Какое-то время мы шли в молчании, сопровождаемые громким голосом Огаста Бернела, которого зеннонское белое привело в хорошее расположение духа, монотонными репликами дяди и несмолкаемым журчанием Нии Бернел и Неллы, которые, судя по всему, сошлись в пренебрежении к альвионской моде. Наконец Хейрон сказал:
– Эта помолвка для нас обоих неожиданна. Но я надеюсь, что в твоем сердце найдется для меня место. В свою очередь я чрезвычайно рад, что у меня такая прекрасная невеста.
Хейрон мягко взял меня за руку и посмотрел прямо в глаза, так, словно видел там что-то, чего не видел никто другой. Смущенная, я зарделась и опустила взгляд. Мы продолжили осмотр дома изнутри, и Хейрон, словно вознамерившись преодолеть неловкость, развлекал меня историями о приятелях-студентах, о праздниках и прогулках – так, что я почувствовала, что мы с ним давным-давно знакомы.
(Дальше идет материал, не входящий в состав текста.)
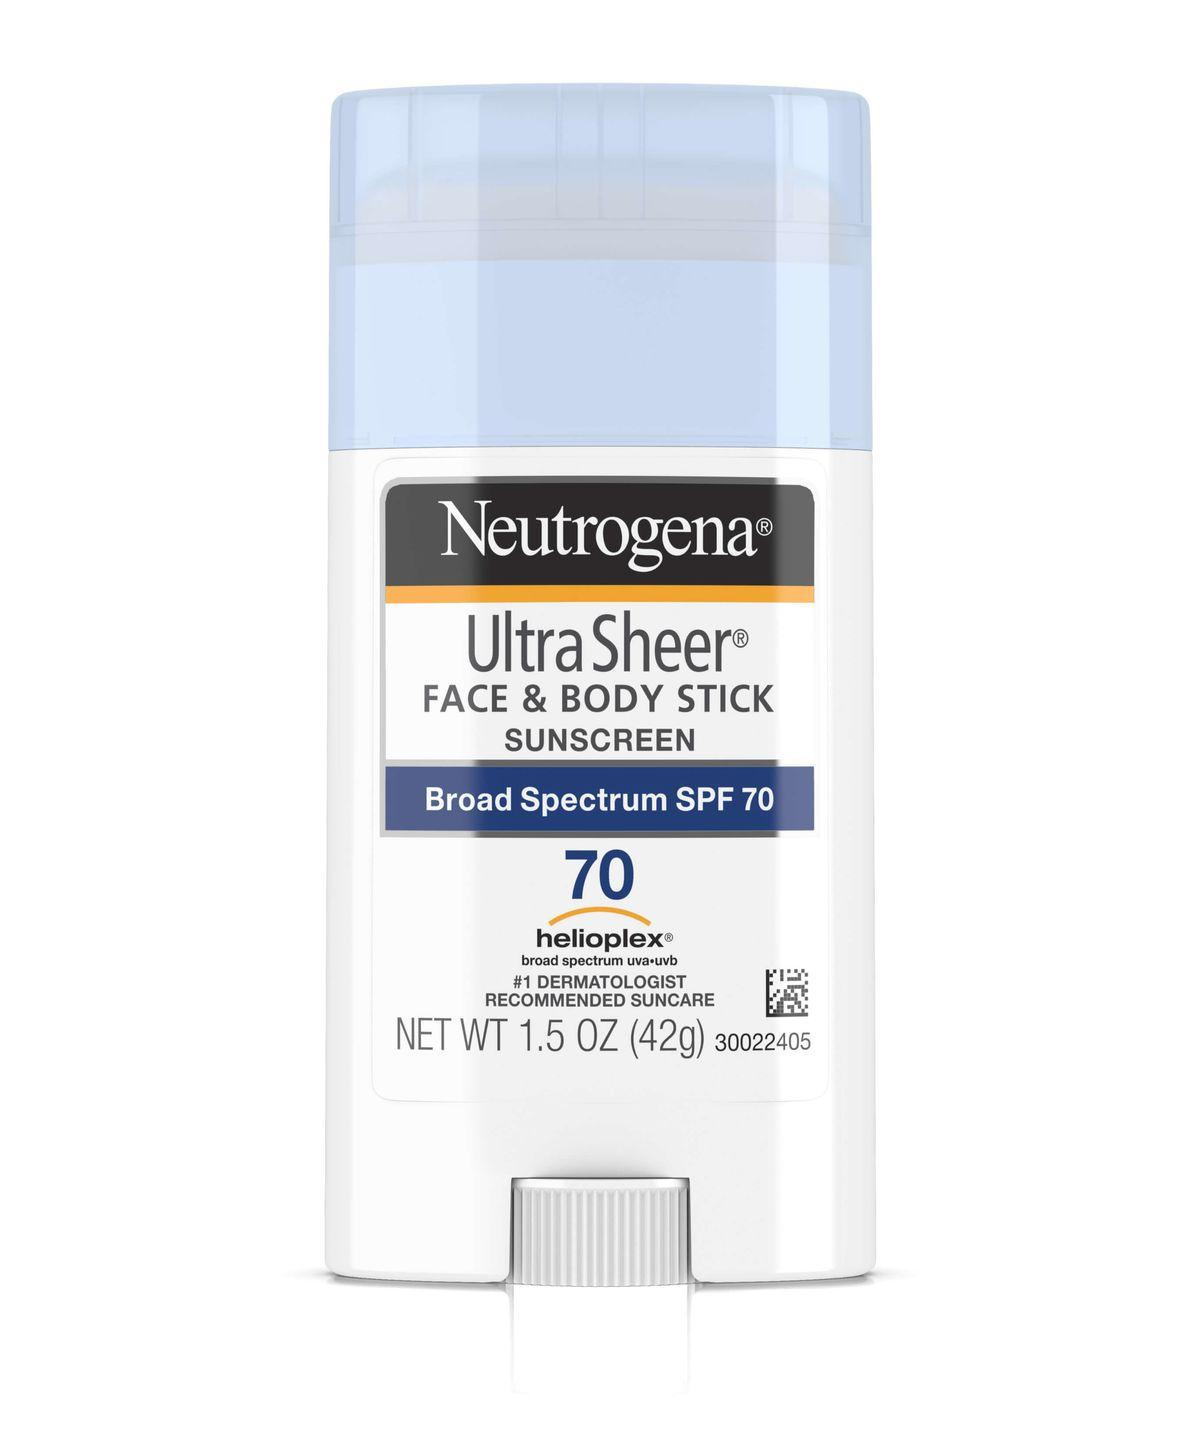 Neutrogena Ultra Sheer Face + Body Stick Sunscreen Broad Spectrum SPF 70

Наконец мы поднялись на третий этаж, туда, где, на противоположной от моей комнаты половине, мы с Хейроном должны были жить после свадьбы. Хейрон с улыбкой осматривал наши будущие комнаты, а меня вдруг пронзило осознание того, что я стою под руку с совершенно незнакомым человеком – человеком, который через месяц полностью и бесповоротно должен будет войти в мою жизнь.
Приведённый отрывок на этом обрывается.